Evaluation of the #15 Pre-Exascale Supercomputer
The paper presents a comprehensive analysis of the #15 system, a pre-exascale supercomputer situated at the Barcelona Supercomputing Center (BSC). It is part of the EuroHPC Joint Undertaking initiative, designed to facilitate a multitude of scientific workloads. The supercomputer boasts a peak performance of 314 petaflops, constructed with a hybrid architecture that integrates Intel Sapphire Rapids CPUs, NVIDIA Hopper GPUs, and both DDR5 and high-bandwidth memory (HBM). The system's architecture is segregated into four distinct partitions, each tailored for specific computational tasks.
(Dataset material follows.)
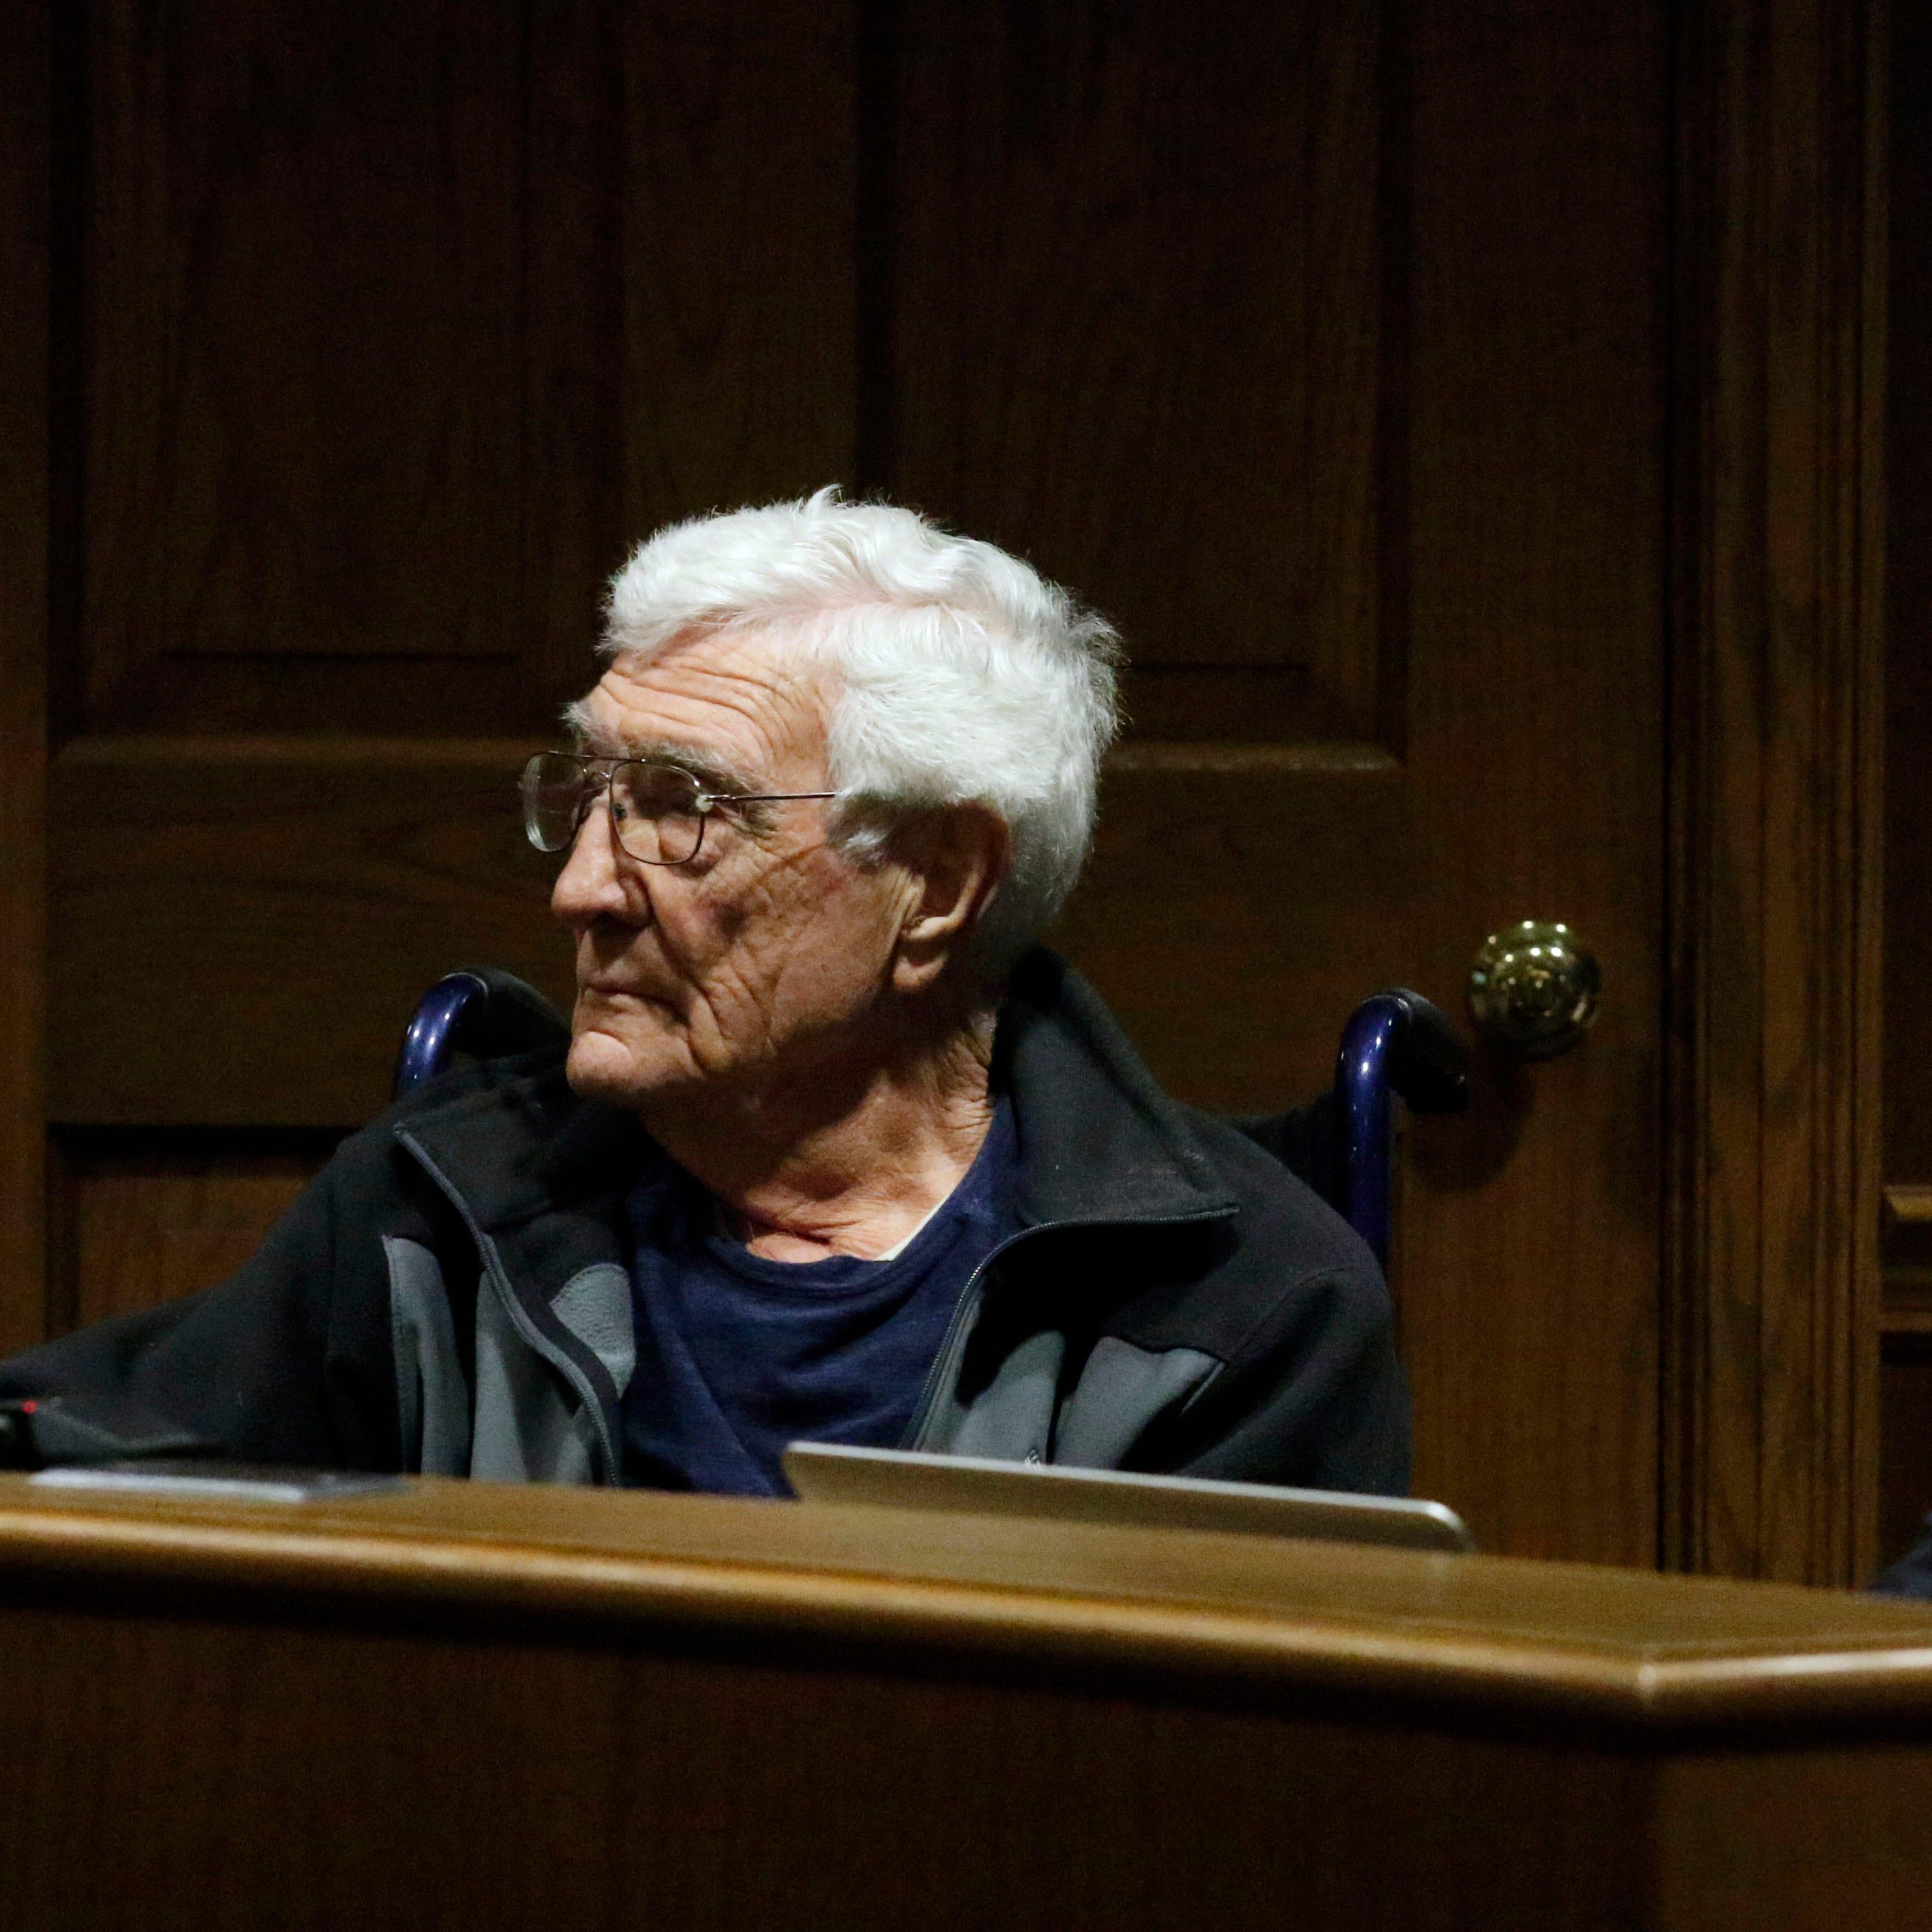 Second evaluation ordered for elderly murder suspect

The evaluation conducted in this paper comprises several tiers of benchmarks aimed at assessing the system’s capabilities. These benchmarks range from low-level architectural evaluations such as micro-benchmarks for floating-point operations and memory bandwidth, to high-level assessments using established High-Performance Computing (HPC) benchmarks like High-Performance Linpack (HPL) and High-Performance Conjugate Gradients (HPCG), as well as practical applications in fluid dynamics, computational mechanics, and climate modeling.
System Architecture and Benchmarks
Architecture Overview:
The #15 system architecture employs a combination of the latest computational technologies and standards. The General Purpose Partition (GPP) utilizes Intel Sapphire Rapids CPUs equipped with DDR5 memory, excelling in memory-intensive operations. The Accelerated Partition (ACC) leverages a combination of Intel CPUs and NVIDIA Hopper GPUs, interconnected with NVLink and PCIe Gen5, making it optimal for GPU-accelerated tasks. Notably, the system is designed to integrate next-generation partitions, enhancing its flexibility and modularity in adapting to technological advancements.
Micro-Benchmarking:
The micro-benchmarks reveal that the system approaches its theoretical performance limits under certain conditions. Notably, single-core FMA operations sustain a peak performance nearly matching theoretical calculations, subject to minimal deviations due to architectural nuances like AVX-512 frequency scaling. The paper also pinpoints that while memory bandwidth utilization remains sub-maximal, HBM nodes achieve a significant bandwidth advantage over DDR nodes, despite the Sapphire Rapids CPUs' current inability to fully exploit this bandwidth.
HPC Benchmarking:
The HPL benchmark results place the GPP and ACC partitions at 22nd and 8th on the Top500 list, respectively, with RMax values representing 89.31% and 69.96% of RPeak. Although these figures underscore the system’s proficiency in handling compute-heavy tasks, they also highlight potential areas for optimization, particularly in scaling and execution efficiency.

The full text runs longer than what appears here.